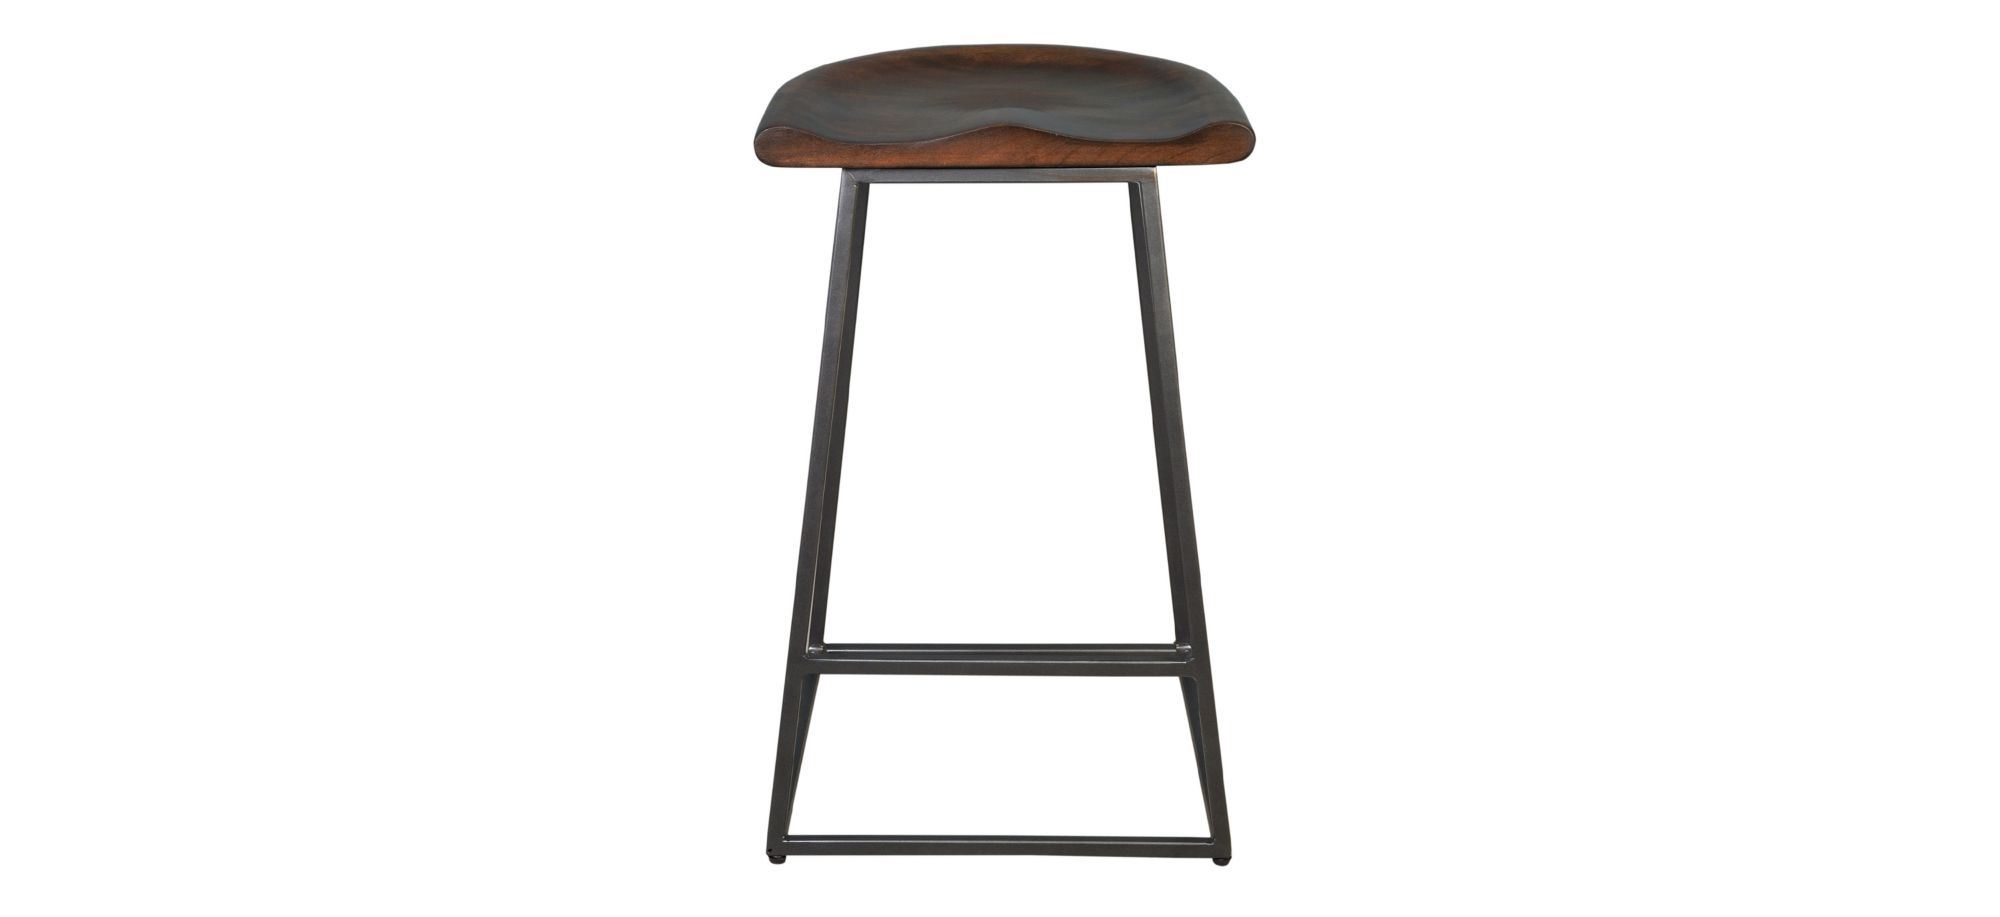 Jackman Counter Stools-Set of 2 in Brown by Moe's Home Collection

◇ ◇ ◇ ◇ ◇ ◇ ◇

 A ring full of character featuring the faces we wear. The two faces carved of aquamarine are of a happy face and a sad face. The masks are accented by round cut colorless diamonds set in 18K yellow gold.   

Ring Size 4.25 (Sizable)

◇ ◇ ◇ ◇ ◇ ◇ ◇

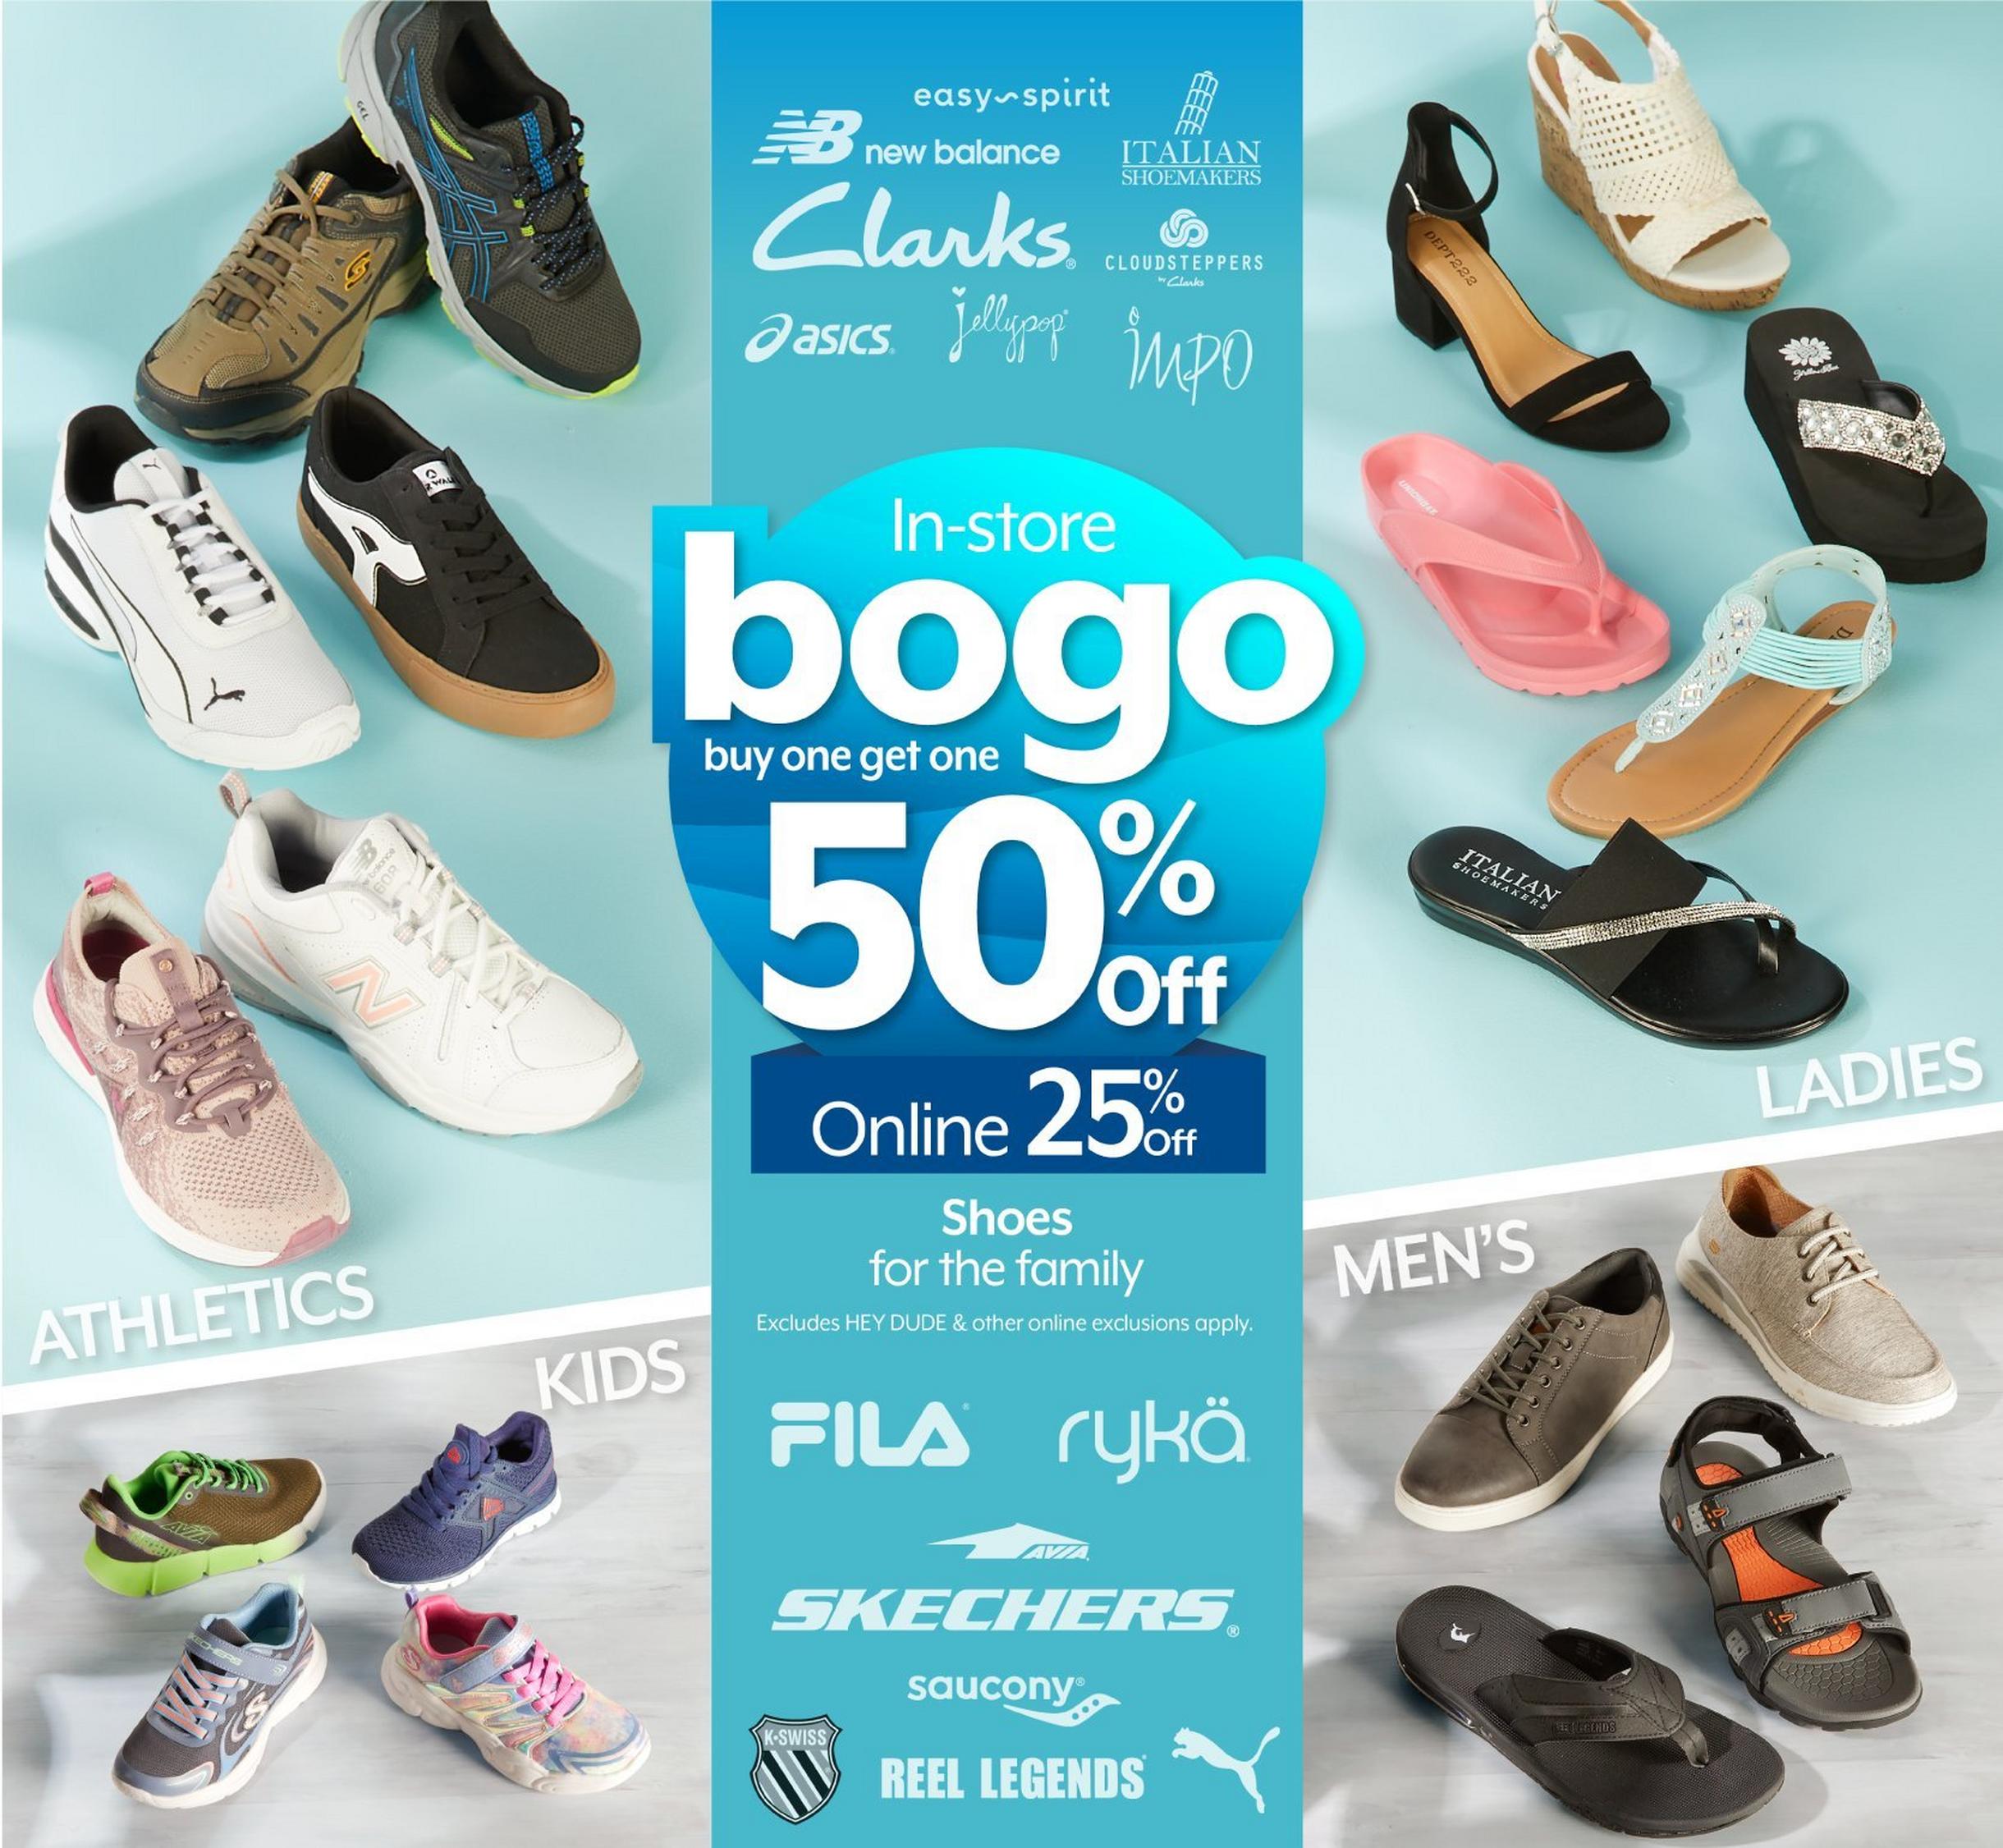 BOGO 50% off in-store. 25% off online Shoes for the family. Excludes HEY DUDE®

◇ ◇ ◇ ◇ ◇ ◇ ◇

• Exercise aim:
Taking the entries above, write out exactly each line from the one holding "A ring full" to the one holding "Ring Size 4.25 (Sizable)", both included, and stop there.

• Worked solution:
 A ring full of character featuring the faces we wear. The two faces carved of aquamarine are of a happy face and a sad face. The masks are accented by round cut colorless diamonds set in 18K yellow gold.   

Ring Size 4.25 (Sizable)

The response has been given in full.